И пока он раздевался, а потом неторопливо причесывался, глядя в обломок зеркала, прикрепленный гвоздиками к стене, из проходной выскользнул боец, сапоги его торопливо застучали по ступеням лестницы. Голиков сделал вид, что ничего не заметил. Он поправил ремни, новую шашку в блестящих ножнах с металлическим колесиком на конце, так что ее можно было просто катить по полу, и, легонько позванивая шпорами с серебряными звездочками, которые нарочно достал из чемодана в гостинице, начал неспешно подыматься на второй этаж.

Он медлил, волновался. Казалось бы, глупость: он воевал уже третий год и навидался всякого.
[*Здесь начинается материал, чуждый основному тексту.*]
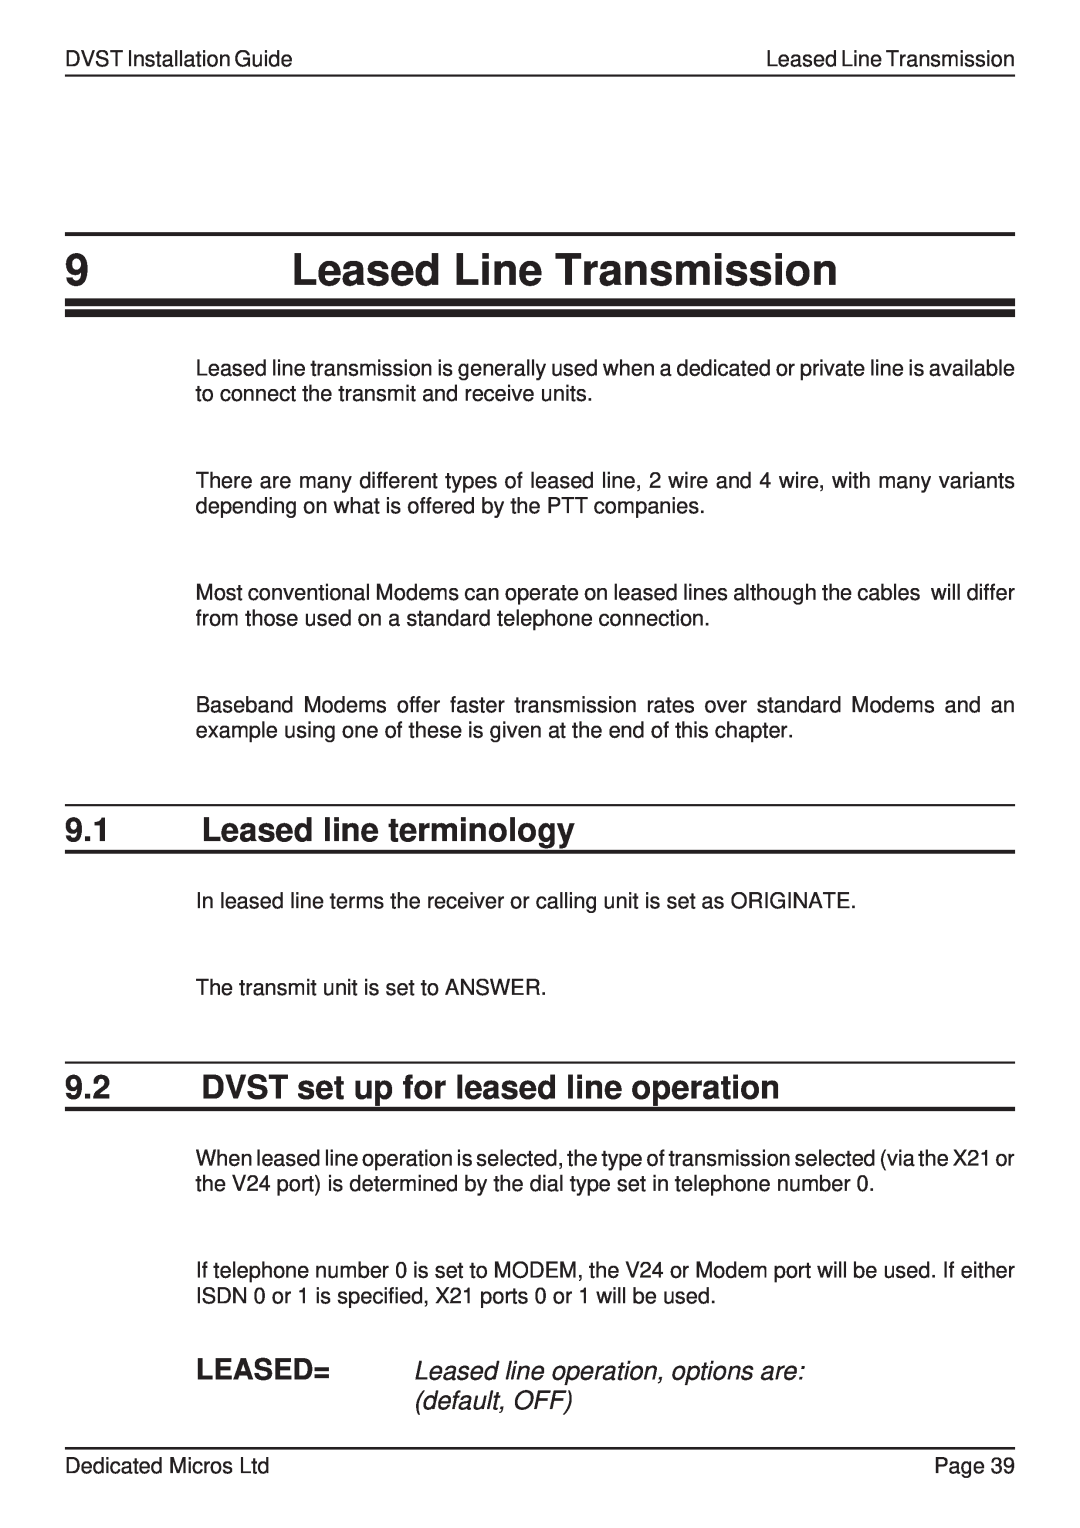 Guardian Technologies DFT 150/175, DVST manual Leased Line Transmission, 9.1Leased line terminology 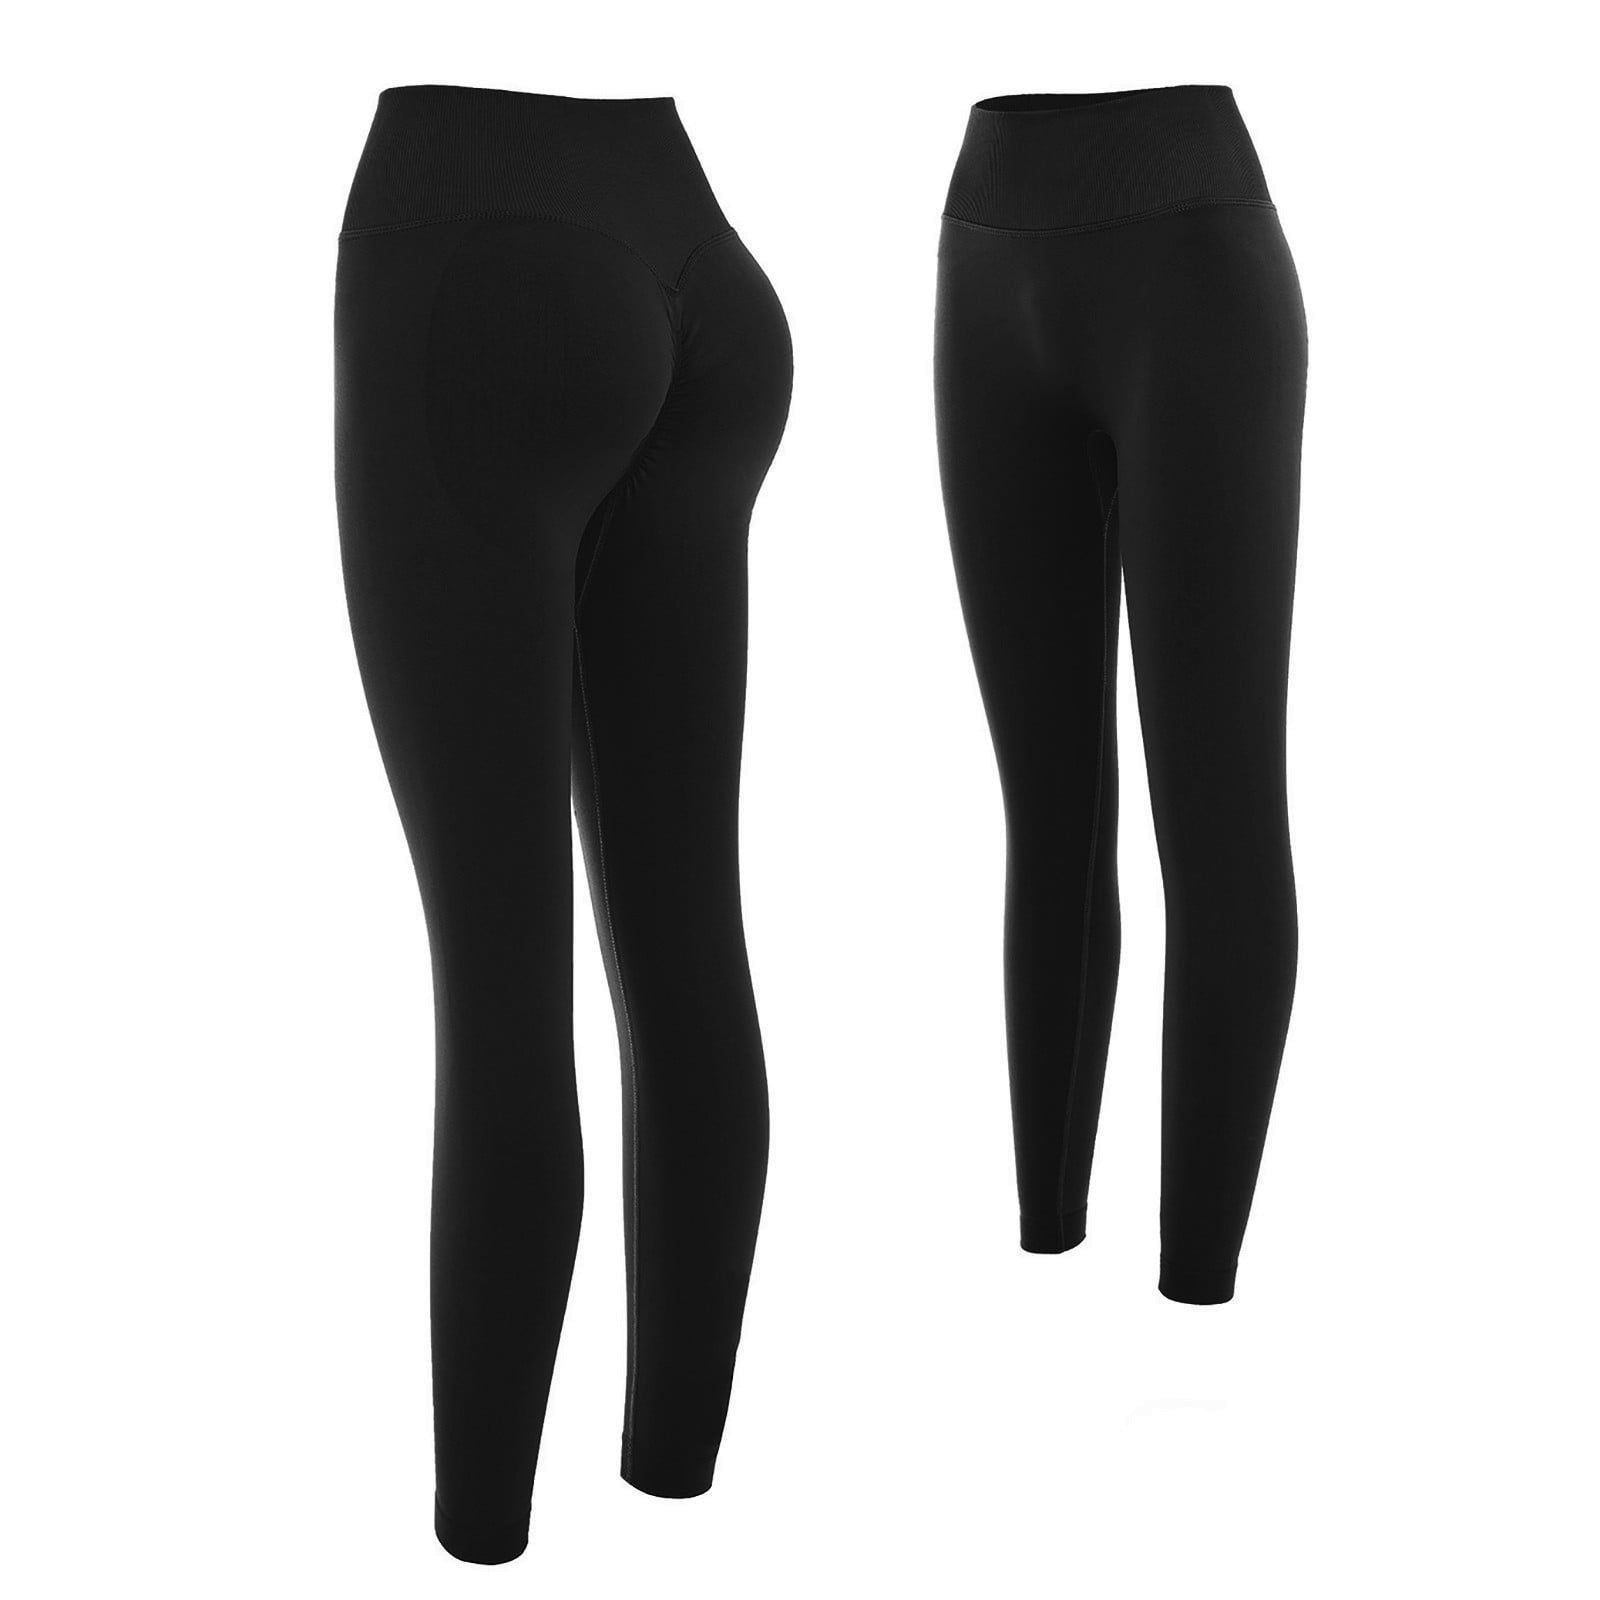 FRESOUGHT High Waisted Leggings for Women,Seamless Gym Workout Tummy  Control Active Yoga Pants Butt Lifting Tights Black XS at  Women's  Clothing store

Но стоило ему получить новое назначение, и он испытывал робость: «Справлюсь ли?» А сейчас вдобавок ему хотелось произвести солидное впечатление на Бычкова, который предотвратил катастрофу в полку.

На лестнице с точеными перилами было ступеней пятнадцать, но, пока Голиков их одолел, сверху, хлопнув дверями по обеим сторонам площадки, пронеслось мимо него человек шесть. И каждый с любопытством, удивлением и даже испугом глазел на него, уже зная, кто он и для чего прибыл.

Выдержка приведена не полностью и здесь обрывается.